Wisdom’s Voice, Wisdom’s Body: Women and the Sophian Feminine in the Silver Age

David Borgmeyer, Independent Scholar

In the The Dying Swan (1916), directed by the pioneering filmmaker Evgenii Bauer, the character of Lidiia is strongly connoted as an iteration of Sophia, the divine feminine and incarnation of Wisdom who was popular among poets, thinkers, theologians, artists, and others at the beginning of the 20th century. Already muted by the genre itself, the ‘sophian’ Lidiia is doubly silenced: she is portrayed as a mute, who can only communicate by writing on a slate.

This voicelessness can be taken in part as a metaphor for current research into Sophia. Scholarship making mention of sophian variations across Russian culture in this period is not uncommon, yet this paper proposes to explore a perspective rarely met in the research published on the topic: that of women. Indeed, most of the best-known sophian figures are men: Vladimir Soloviev, Aleksandr Blok, Andrei Bely, et cetera, and there is very little investigation of the meaning of Sophia for women in Russian culture. Yet there are women for whom Sophia was as telling on their lives and works as she was for men – though not always by their own choice. Several “types” of responses to the idea of Sophia by women will be discussed, focusing on the uses of voice and body and exploring the tension between them, giving some expression and presence to the otherwise nearly mute and invisible female sophian discourse in Silver Age culture.

Some of the ‘sophian women’ in this period claim to be the possessors of esoteric wisdom – or even Wisdom incarnate. These women, such as Anna Mintslova or Anna Schmidt, typically concealed or de-emphasized their gendered physical bodies, using their voices to cast themselves in a literary-life role, then using the claim to secret wisdom or supernatural status to exert authority over others, especially men. On the other hand, another type of sophian women is that who had the role of Sophia thrust upon them, also, usually, by men. Representatives of this type include Sophia Khitrovo and Liubov’ Mendeleeva-Blok, who left a rich autobiographical text in which she both rejects and embraces herself as Blok’s prekrasnaia dama, manipulating the representation of her body to parade and parody herself. What she has to say is valuable not only for the insights she can offer into Blok, but also for the fascinating refraction of the idea of the feminine in the Russian Symbolist milieu.

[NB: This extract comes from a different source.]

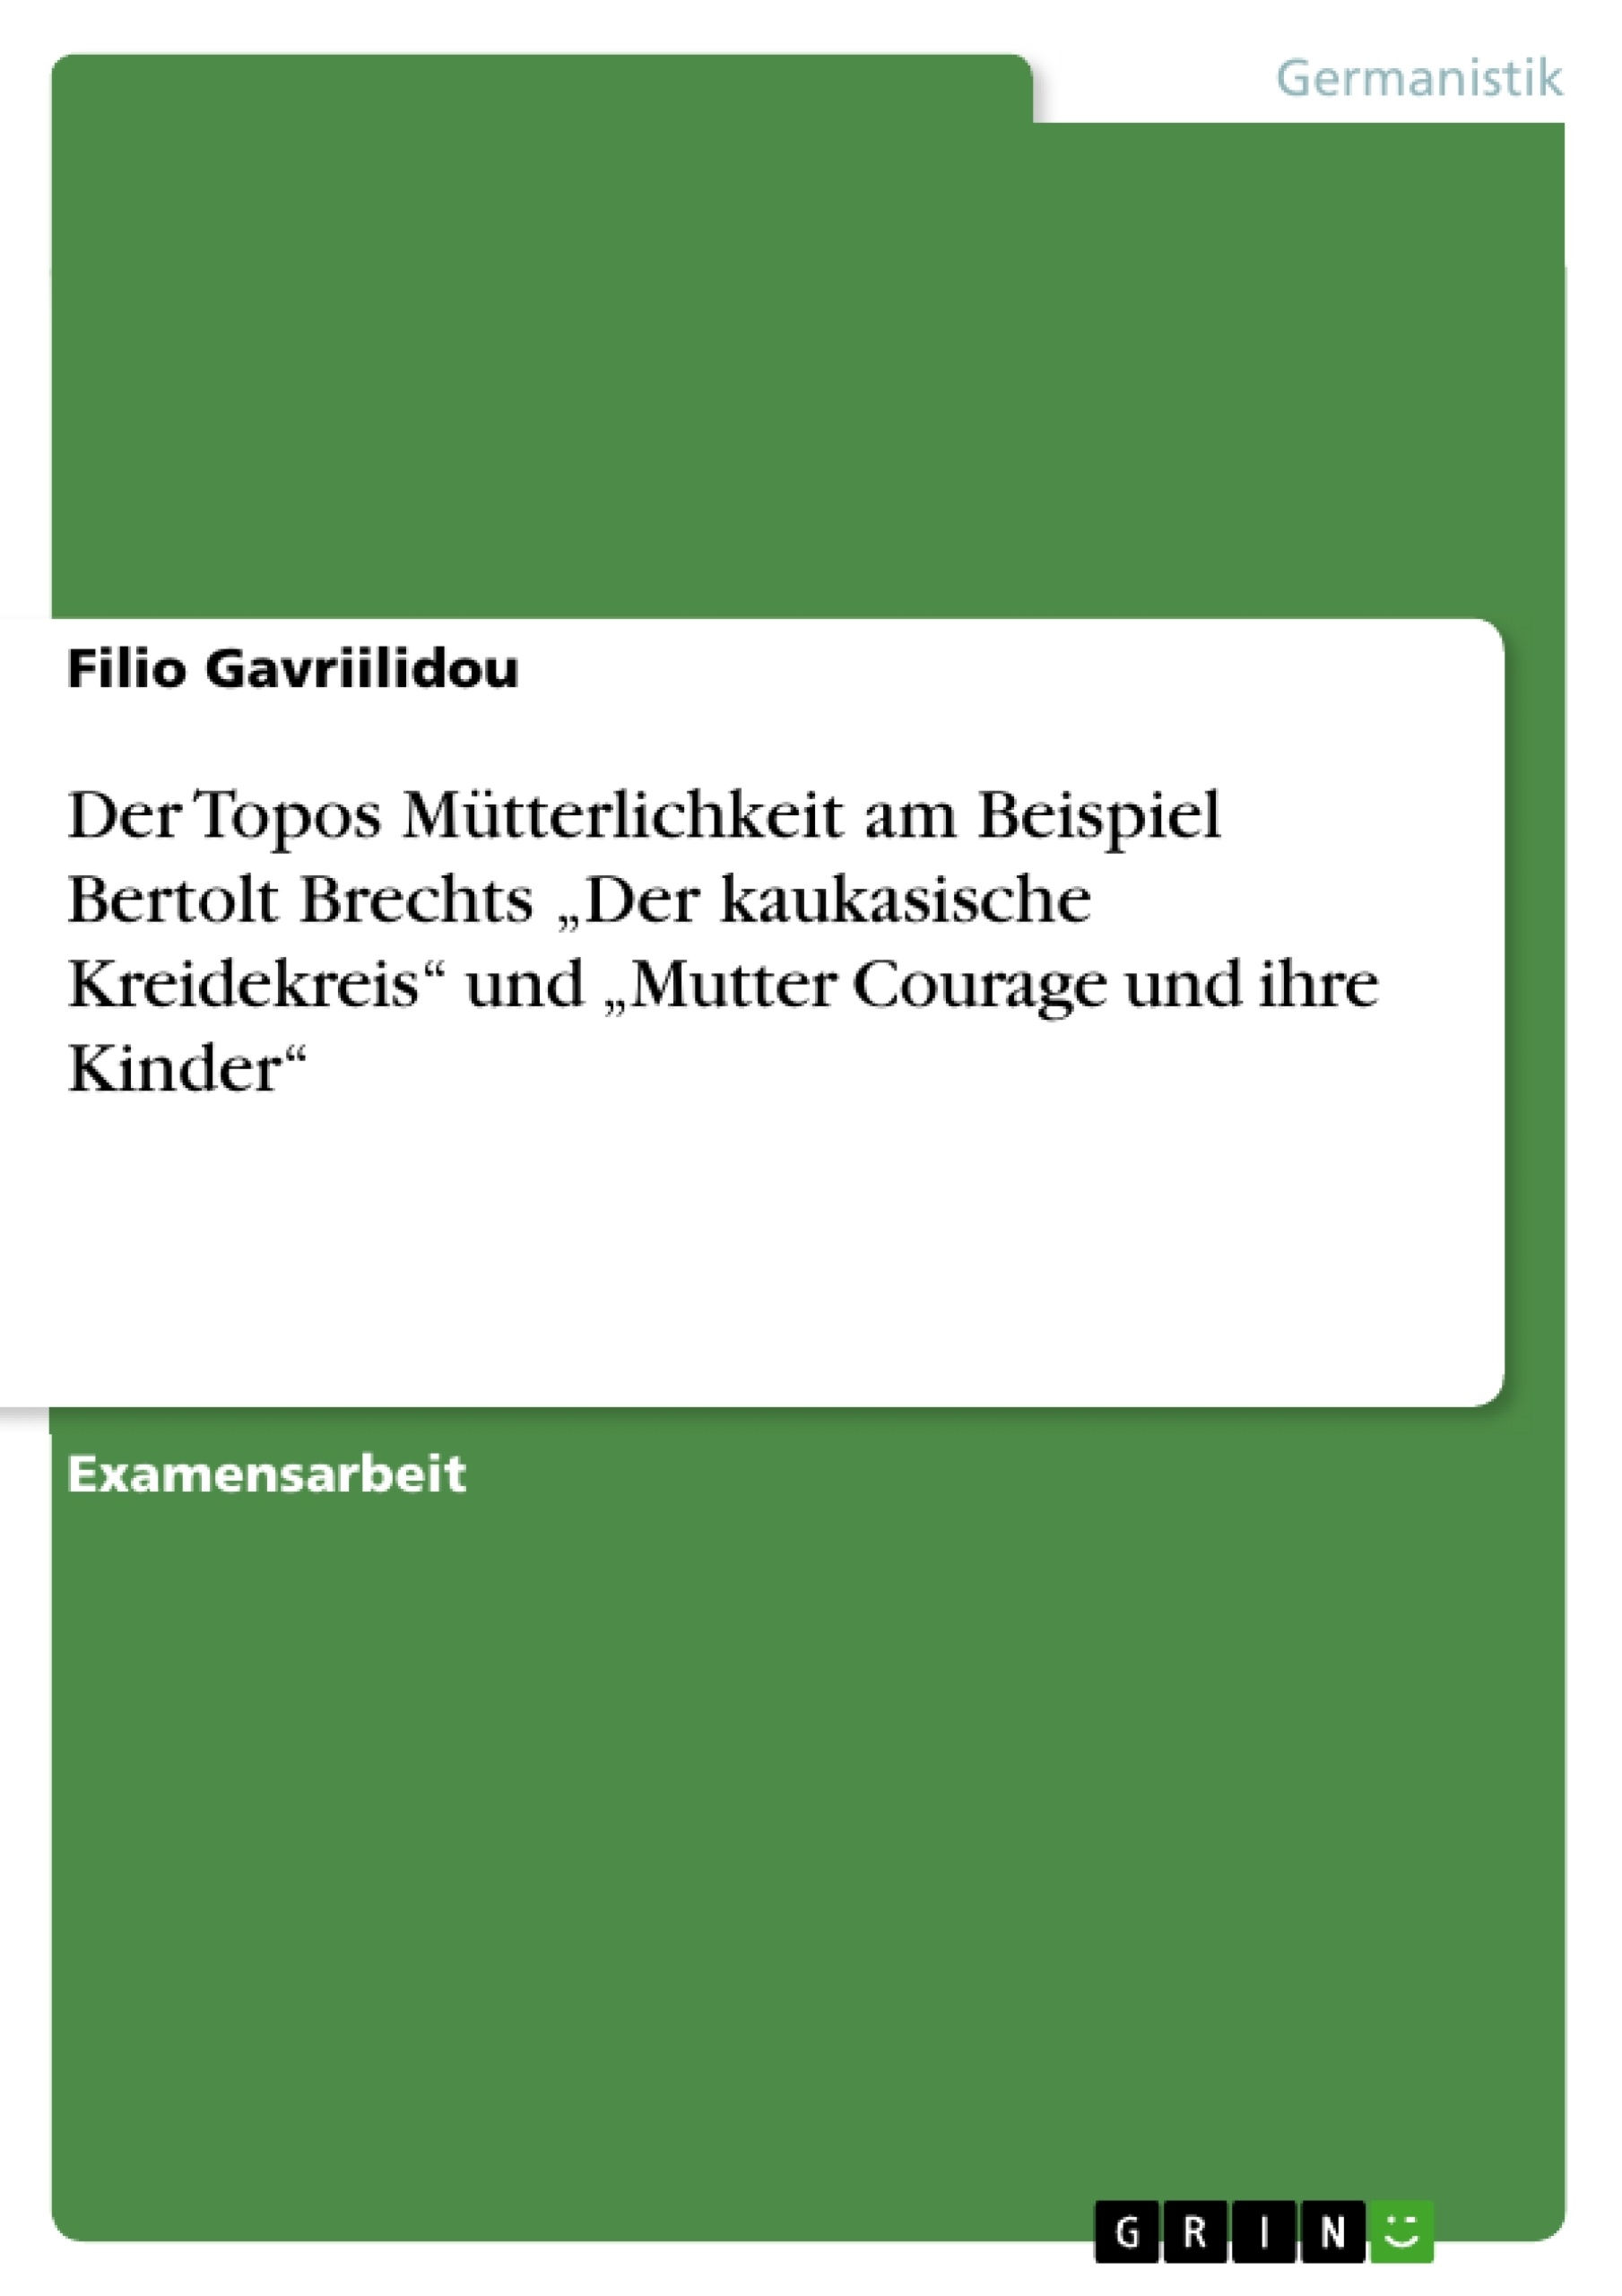 Titre: Der Topos Mütterlichkeit am Beispiel  Bertolt Brechts „Der kaukasische Kreidekreis“ und „Mutter Courage und ihre Kinder“
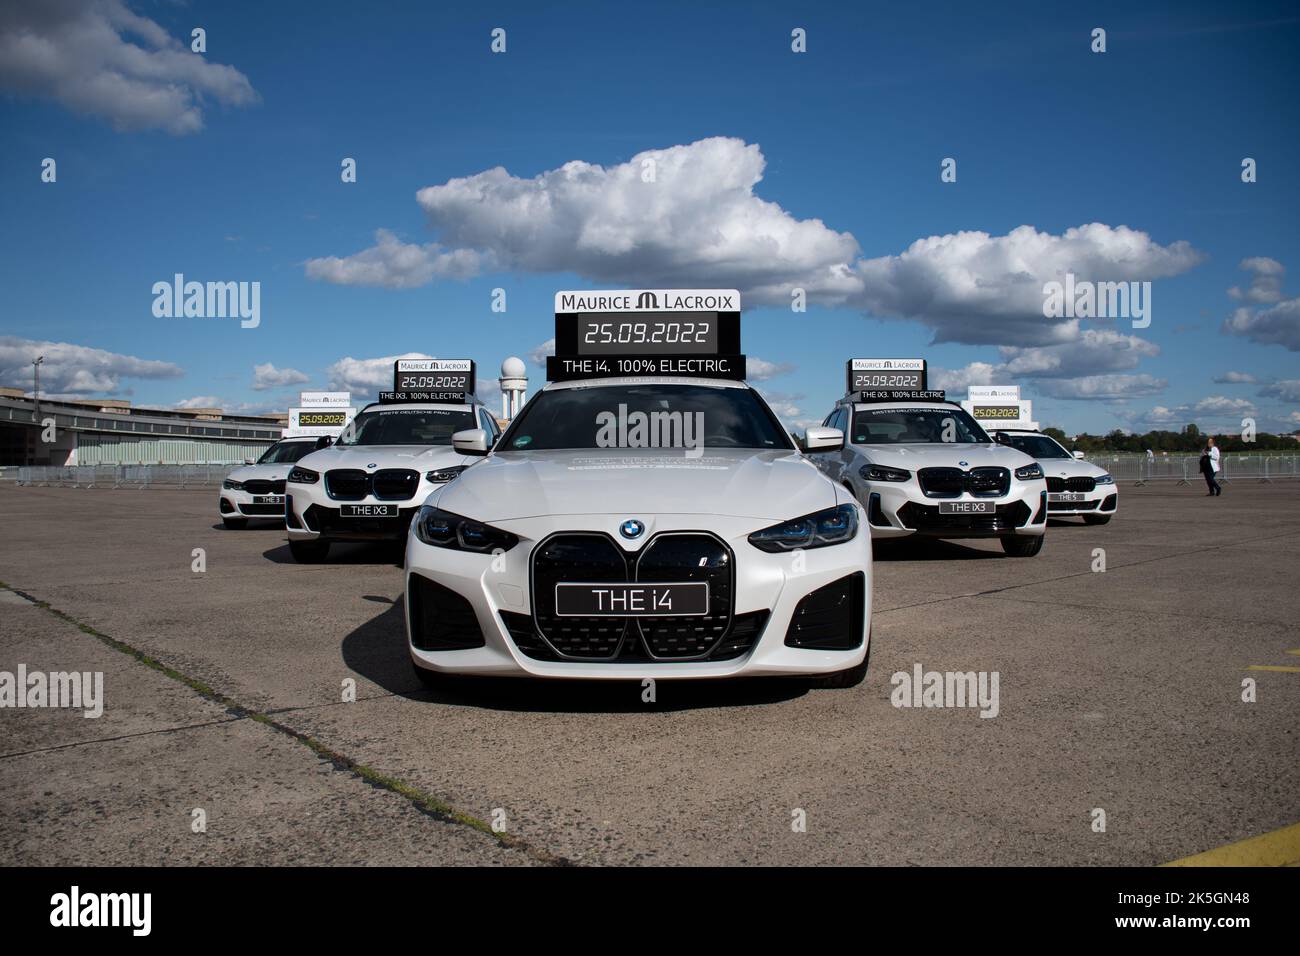 Aufnahme von BMW Timing Autos für den Berlin Marathon 2022 am Flughafen Tempelhof, Berlin, Deutschland Stockfoto

One other facet of the sophian experience by women are those who themselves create literary works about the sophian divine feminine rather than living the role with their physical bodies. Women, such as Poliksena Solovieva – pseudonym Allegro, employed themes of the idealized feminine as many of their male colleagues did, but sometimes with significantly different approaches. The voices of these sophian women – indeed all sophian women – are important to hear, especially if we seek to understand the central role of Sophia in Silver Age culture.